* [Material for this task]:

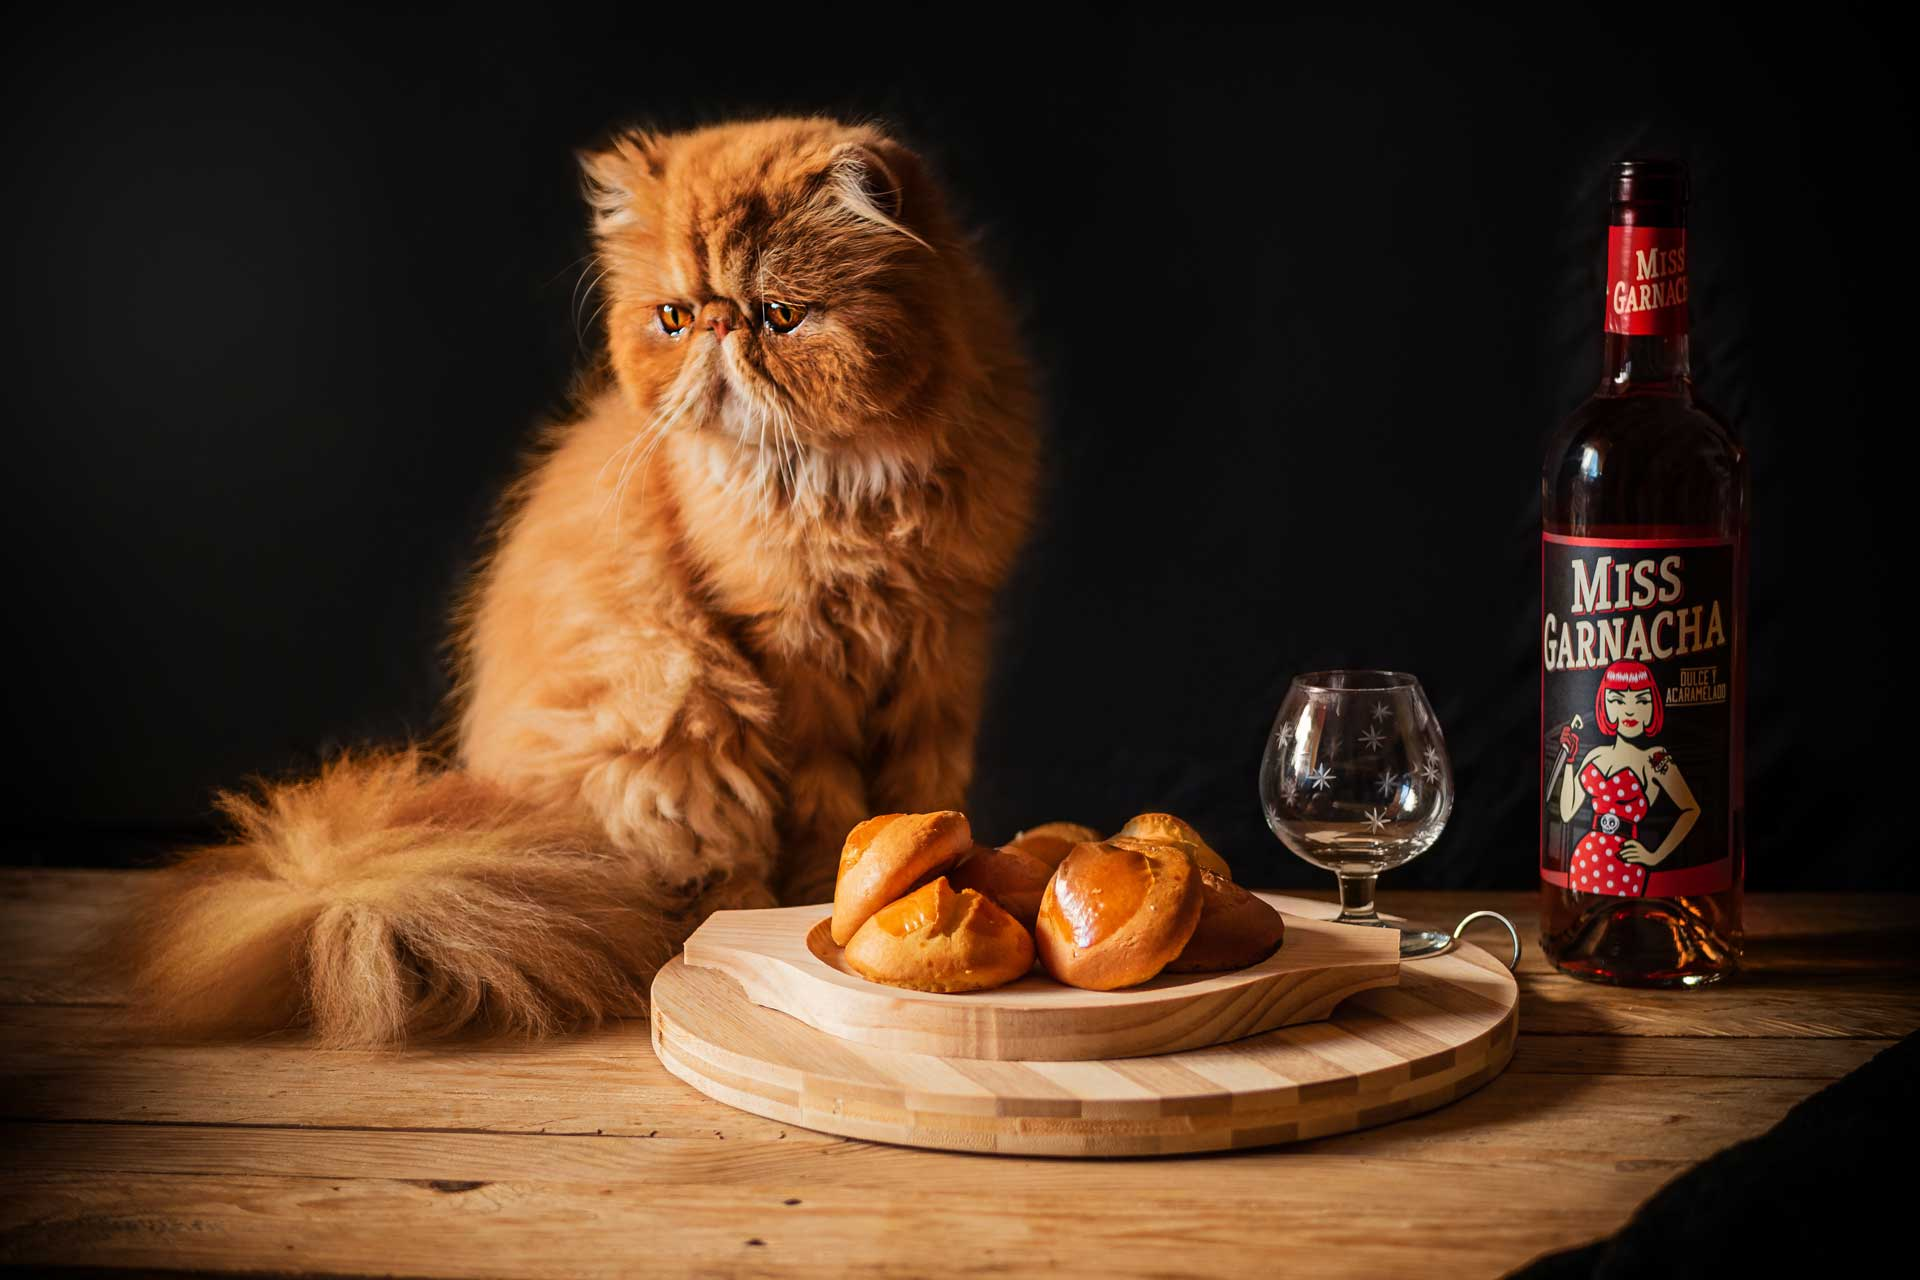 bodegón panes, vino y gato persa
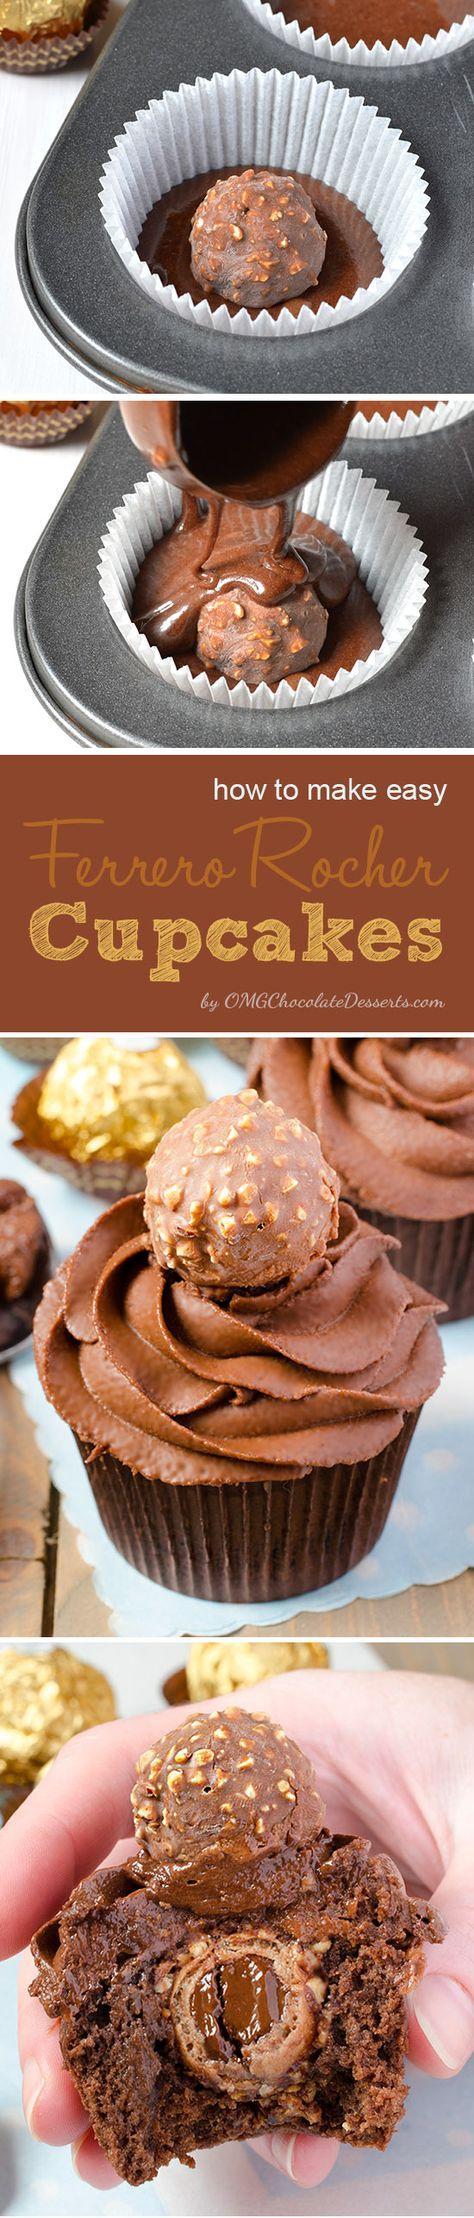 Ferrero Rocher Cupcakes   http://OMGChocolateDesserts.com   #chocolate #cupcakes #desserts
--
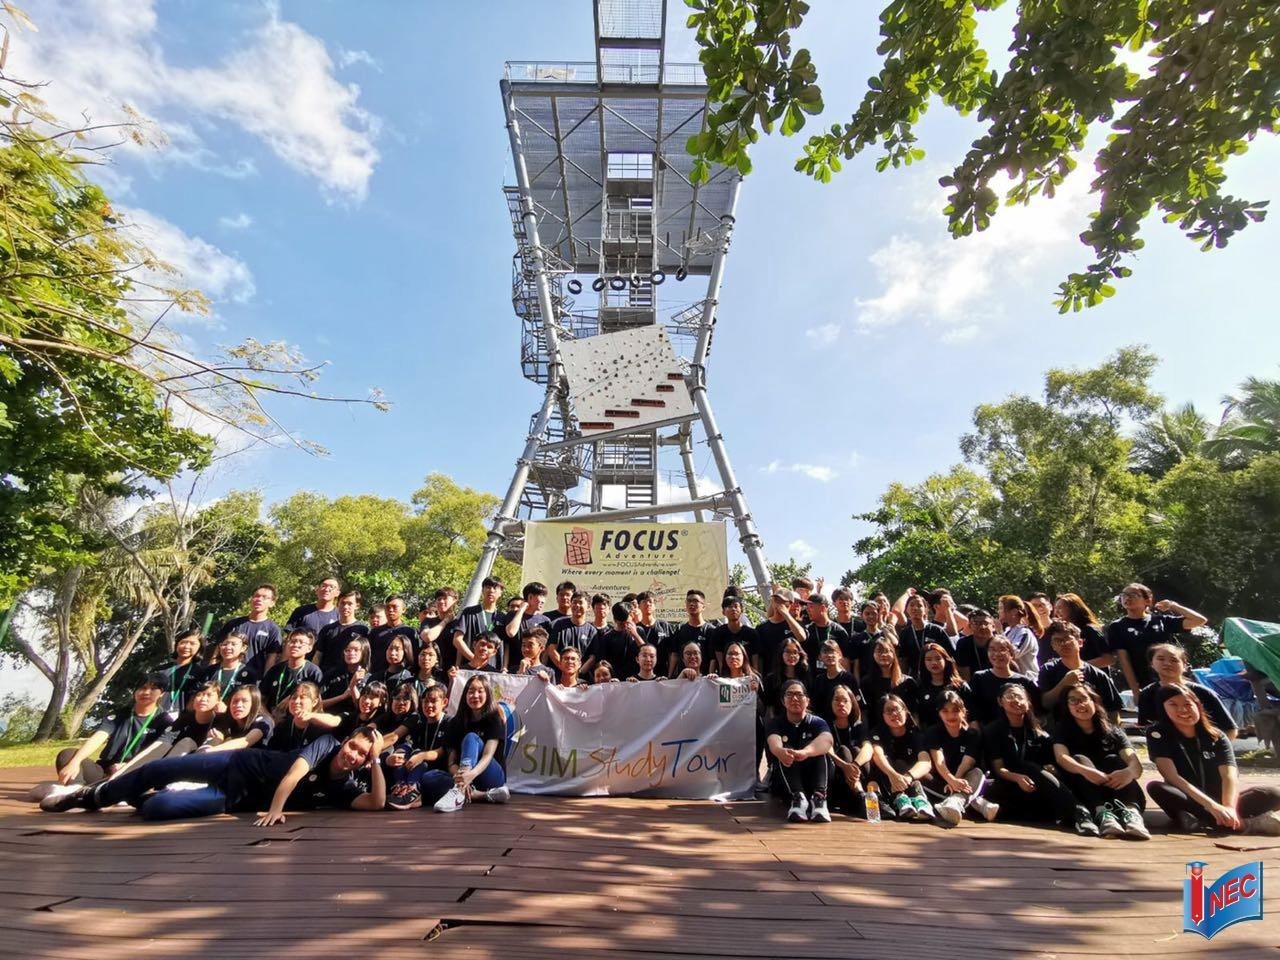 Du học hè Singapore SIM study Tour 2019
==
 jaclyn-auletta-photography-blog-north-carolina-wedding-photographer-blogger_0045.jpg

* [What to work on]: Above are some records; extract exactly the lines from the one containing "bodegón panes, vino y gato persa" through the one containing "Ferrero Rocher Cupcakes" and drop the pictures.

* [Output for this task]:
 bodegón panes, vino y gato persa
 Ferrero Rocher Cupcakes   http://OMGChocolateDesserts.com   #chocolate #cupcakes #desserts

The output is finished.